Entities, Dimensions and Taxonomies

In the Atex Categorization System, categorization happens in Dimensions, which are hierarchies of Entities. An Entity is something like a person, a location or a subject - something you might want to categorise content with. Entities may have child Entities, to provide more detail (e.g. "San Francisco" could be a child of "California" which would be a child of "USA"). Entities are organised as a tree, i.e. any given entity cannot be a child of more than one entity or dimension.

Dimensions may be enumerable, which means that all possible Entities in the dimension are defined somewhere (normally by content). For dimensions that are not enumerable, it is assumed that there are so many possible entities that trying to exhaustively list them would be futile. Instead entities exist when something has been categorized with the entity.
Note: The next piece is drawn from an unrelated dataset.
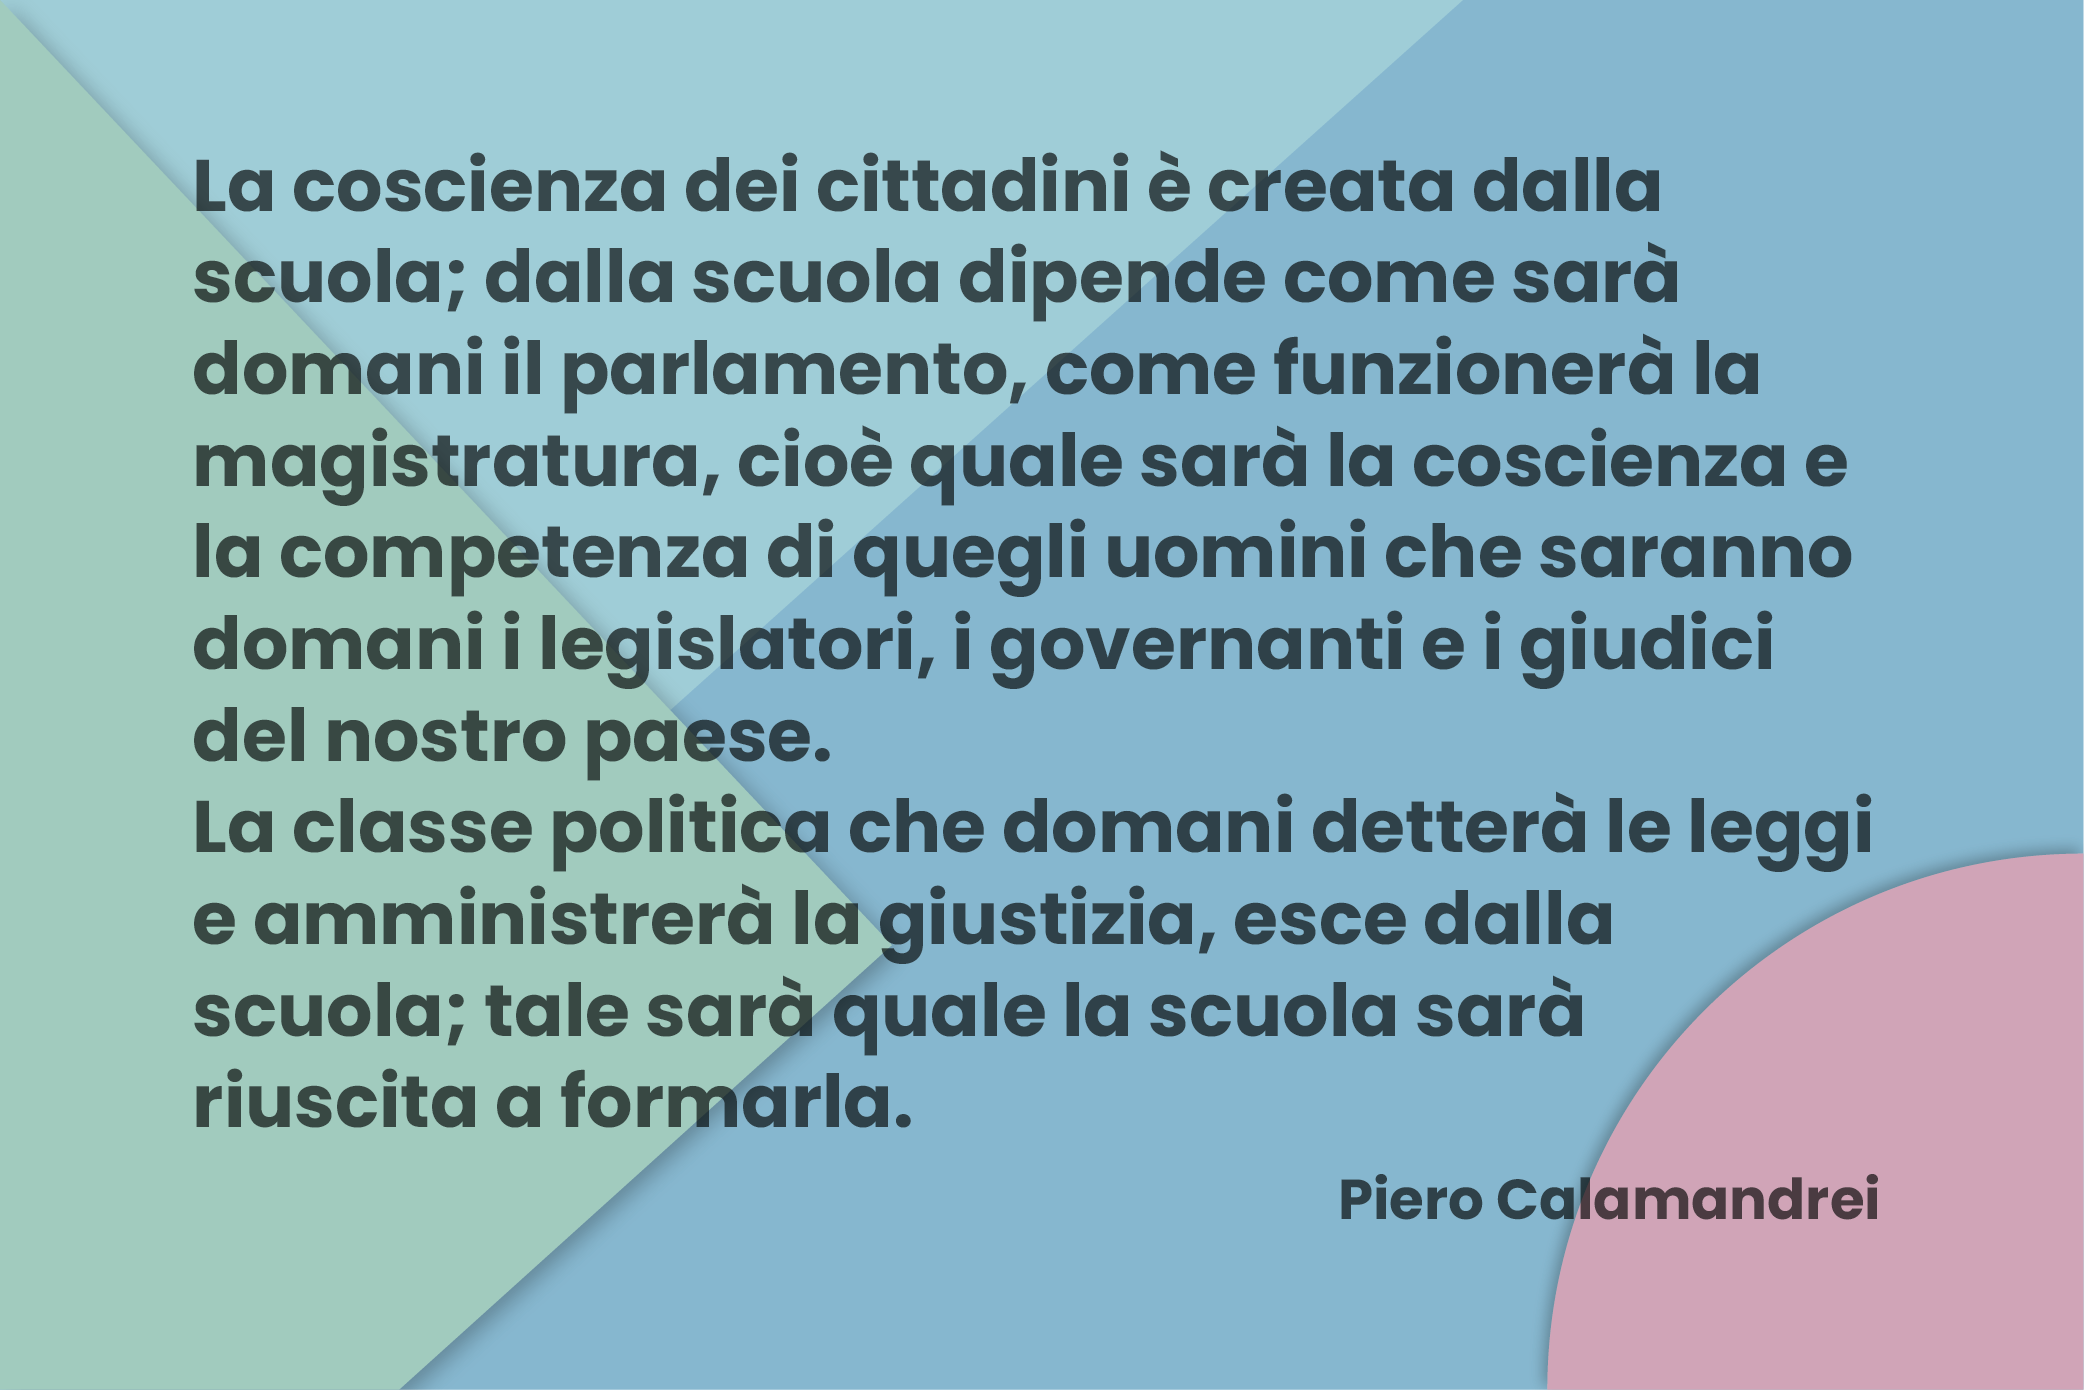 frase di Piero Calamandrei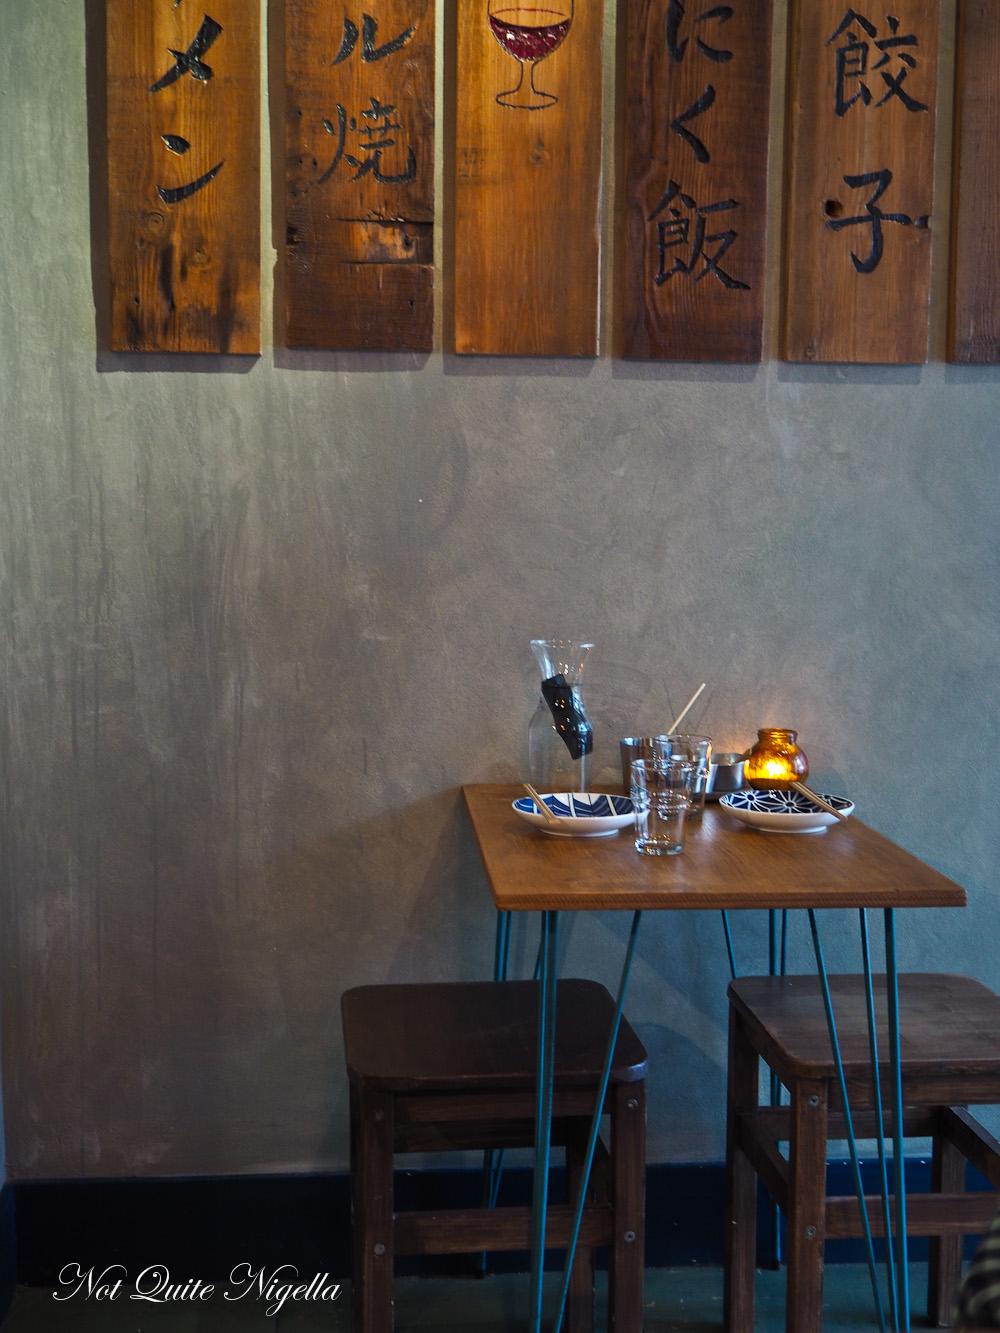 Chaco Bar Darlinghurst

Dimensions can be organized in Taxonomies. The same Dimension can be a member of several different taxonomies. Multiple taxonomies can be useful in cases when multiple organizations share the same Atex system, so that common dimensions can be shared but organization-specific dimension can be used to fulfill the different needs of different organizations.

Building taxonomies

Taxonomies, dimensions and entities are all defined by content, which must have a representation in the aceTaxonomy variant.

Taxonomies, dimensions and entities are defined in very similar ways. There are two core requirements on content defining one of these: that it have an alias in the _taxonomy namespace, and that it is available in the aceTaxonomy variant as an aceTaxonomy, aceDimension or aceEntity. The way to do this is to have an aspect that is one of aceTaxonomyDefinition, aceDimensionDefinition or aceEntityDefinition, which are automatically transformed into the appropriate type by a system composer. There is a corresponding content type for each of these: aceTaxonomyDefinitionContent, aceDimensionDefinitionContent and aceEntityDefinitionContent. The content types are optional but provide a default composer mapping using aceTaxonomy.default to create the representations - this composer can be used for custom types, too, as long as they use the definition aspects.

The reason there are multiple types is that the definition types deal with a single object, while the tree representation types include the children of the object as well, and the content type is so we have something to attach the standard composer to.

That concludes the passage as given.